Potential and practical adrenomedullary PET radiopharmaceuticals as an alternative to m-iodobenzylguanidine: m-(omega-[18F]fluoroalkyl)benzylguanidines.

作者信息

Lee Byung Chul, Paik Jin-Young, Chi Dae Yoon, Lee Kyung-Han, Choe Yearn Seong

机构信息

Department of Chemistry, Inha University, 253 Yonghyundong Namgu, Inchon 402-751, Korea.

出版信息

Bioconjug Chem. 2004 Jan-Feb;15(1):104-11. doi: 10.1021/bc034115e.

Abstract

To investigate adrenomedullary radiopharmaceuticals for positron emission tomography (PET), we have developed no-carrier-added m-(omega-[18F]fluoroalkyl)benzylguanidines. m-(omega-[18F]Fluoroalkyl)benzylguanidines were prepared in two steps starting from N,N'-bis(tert-butyloxycarbonyl)-N' '-(omega-methanesulfonyloxyalkyl)benzylguanidines in 20-30% radiochemical yields (decay corrected for 100 min) and with high radiochemical purity (>97%) and shown to be stable (>90%) in an in vitro metabolic stability assay.

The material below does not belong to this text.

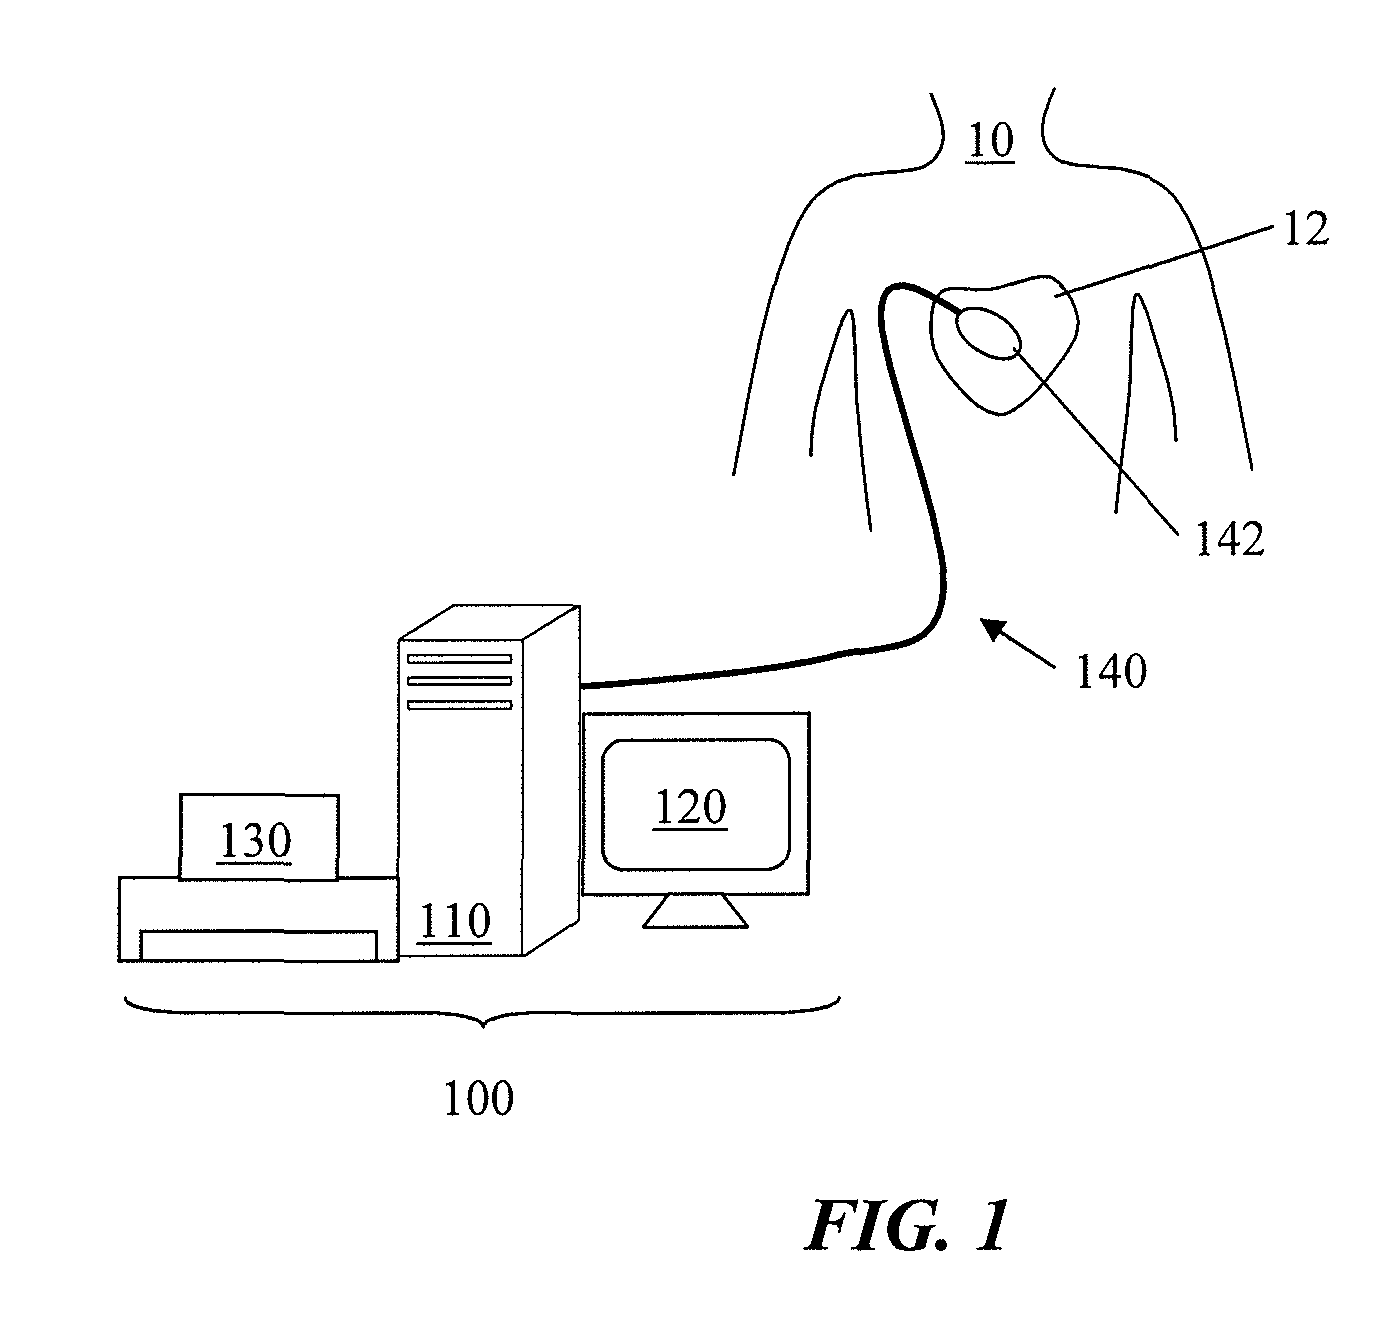 Method and device for determining and presenting surface charge and dipole densities on cardiac walls

The binding of m-(3-[18F]fluoropropyl)benzylguanidine ((18F]3) to SK-N-SH human neuroblastoma cells was temperature dependent, and binding levels at 4 degrees C were reduced to half of that at 37 degrees C, which was similar to the reduction rate observed for [123I]MIBG. Tissue distribution studies in mice showed the highest uptake in the adrenals (%ID/g = 27.2 +/- 5.0%) with relatively high uptake in the myocardium (%ID/g = 9.3 +/- 0.5%). The results suggest that this radiotracer holds promise as a useful adrenomedullary radiopharmaceutical for PET imaging.

摘要

为了研究用于正电子发射断层扫描(PET)的肾上腺髓质放射性药物,我们制备了无载体添加的间位(ω-[¹⁸F]氟烷基)苄基胍。间位(ω-[¹⁸F]氟烷基)苄基胍由N,N'-双(叔丁氧羰基)-N''-(ω-甲磺酰氧基烷基)苄基胍分两步制备,放射化学产率为20%-30%(经100分钟衰变校正),放射化学纯度高(>97%),并且在体外代谢稳定性试验中显示稳定(>90%)。间位(3-[¹⁸F]氟丙基)苄基胍([¹⁸F]3)与SK-N-SH人神经母细胞瘤细胞的结合具有温度依赖性,4℃时的结合水平降至37℃时的一半,这与[¹²³I]MIBG观察到的降低率相似。小鼠组织分布研究表明,肾上腺摄取最高(%ID/g = 27.2 ± 5.0%),心肌摄取相对较高(%ID/g = 9.3 ± 0.5%)。结果表明,这种放射性示踪剂有望成为一种用于PET成像的有用的肾上腺髓质放射性药物。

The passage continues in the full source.